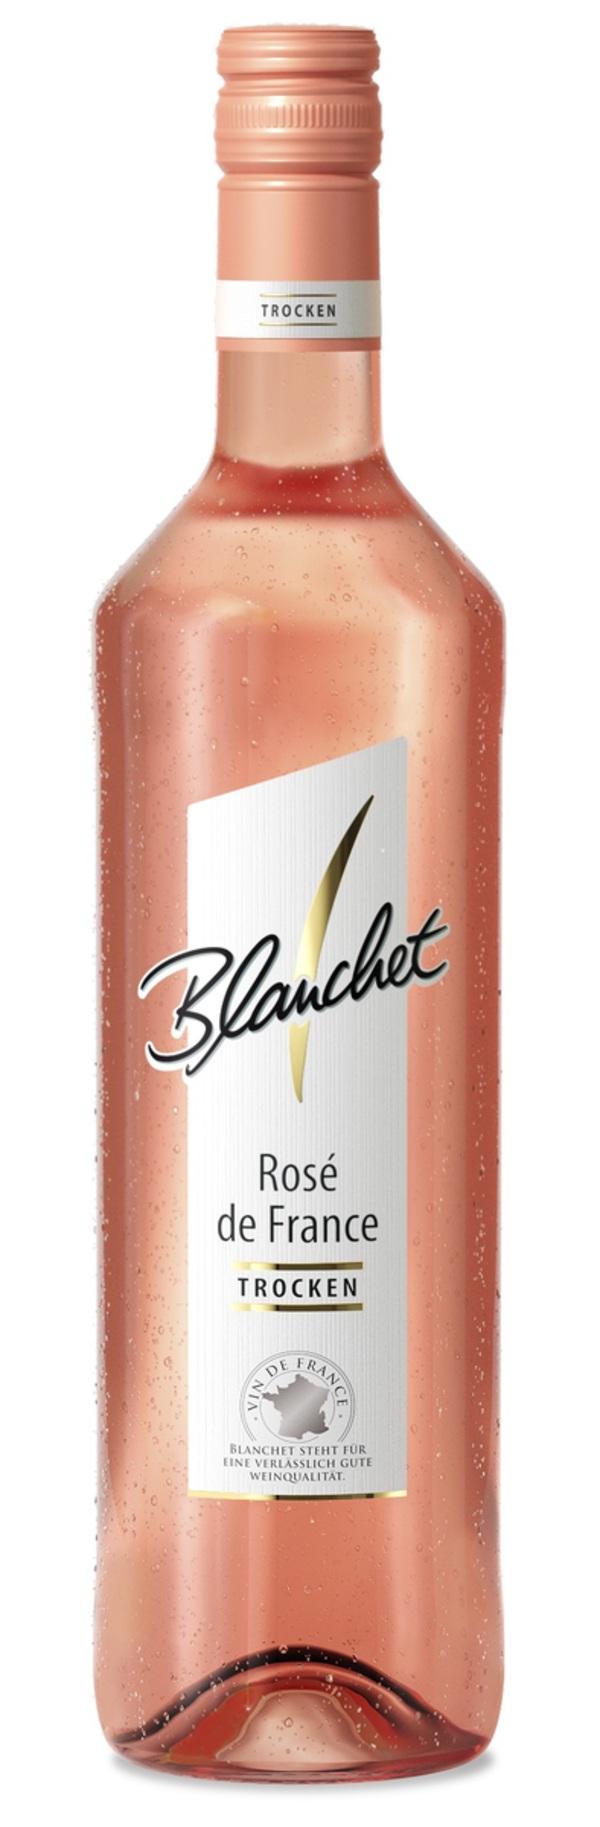 Blanchet Rosé de France Roséwein Trocken 0,75 ltr
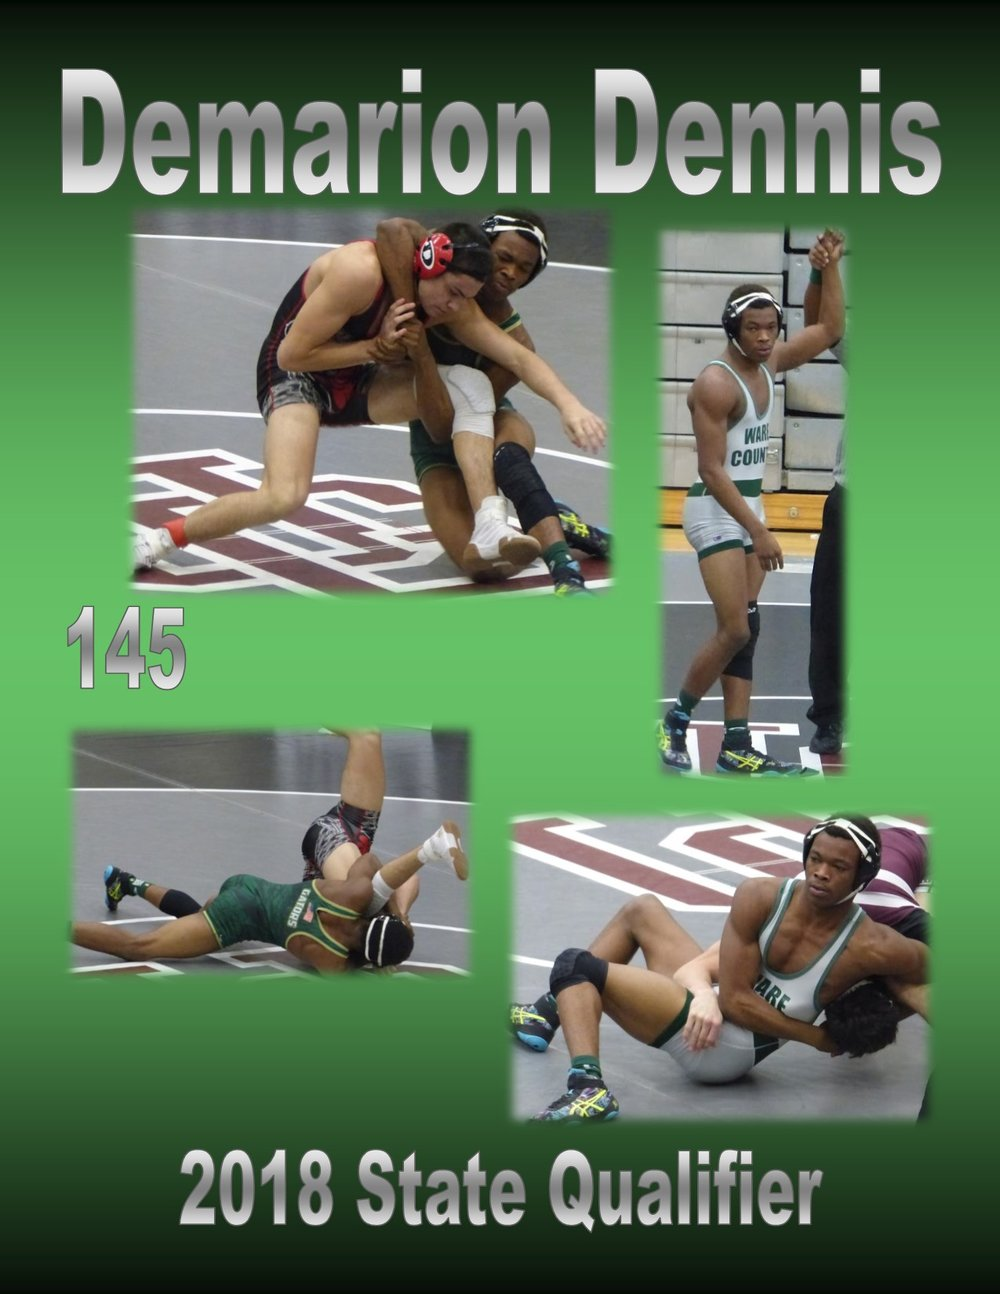 Dennis_State_Qualifier.jpg
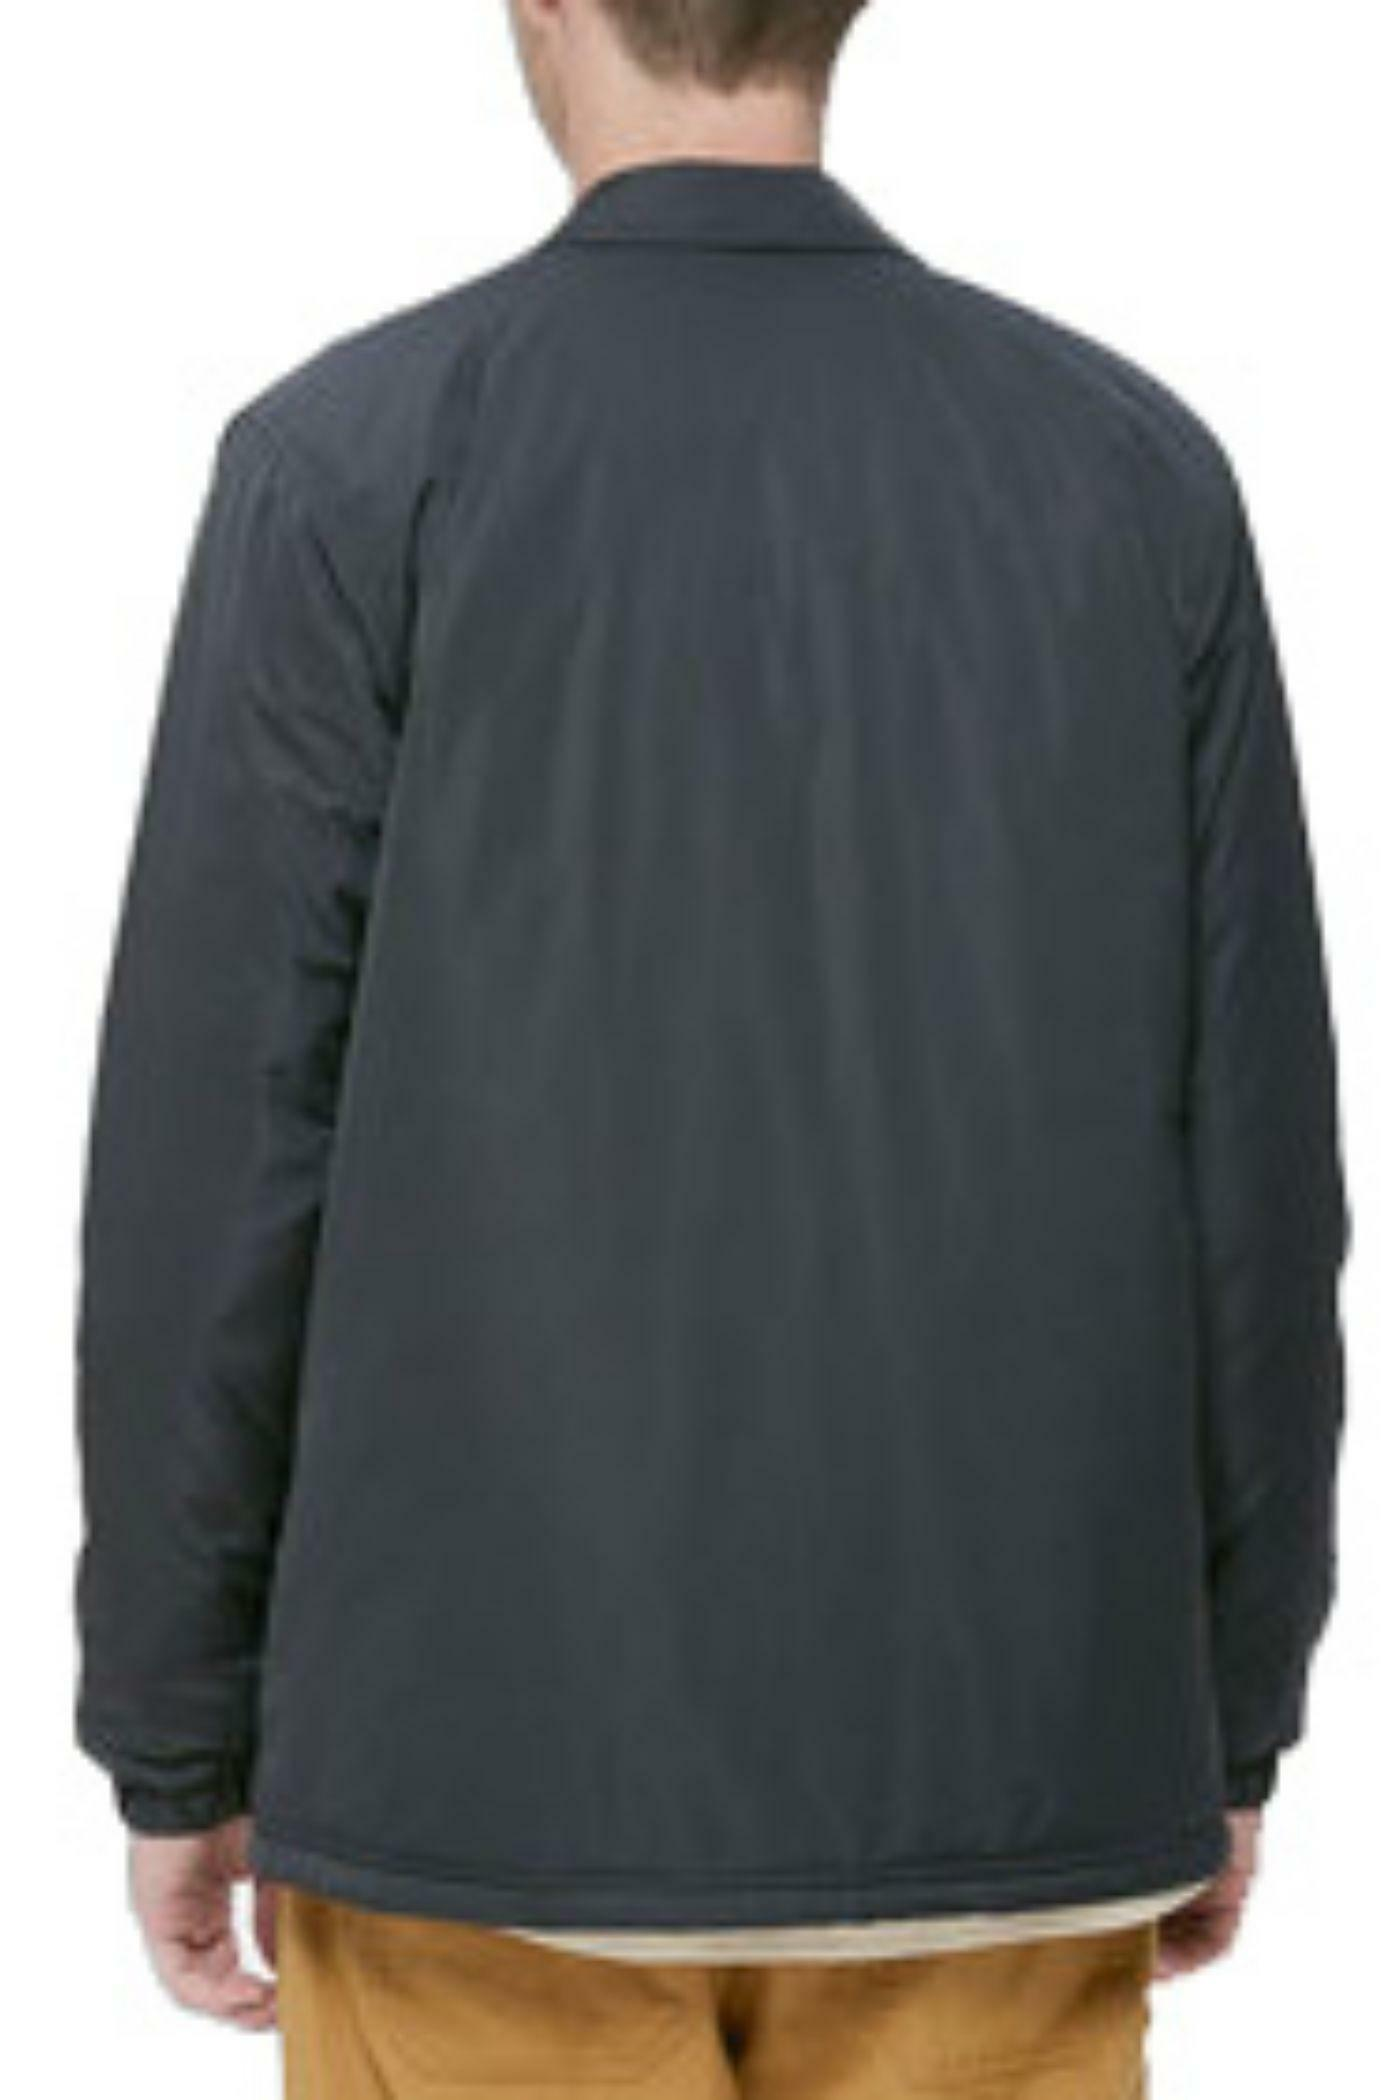 obey obey sanction jacket giacchetto uomo nero

********

### About this task
Print only the lines from the line that contains "Dennis_State_Qualifier.jpg" to the final line of the data, inclusive. Pictures stay out.

### Reply
 Dennis_State_Qualifier.jpg
 obey obey sanction jacket giacchetto uomo nero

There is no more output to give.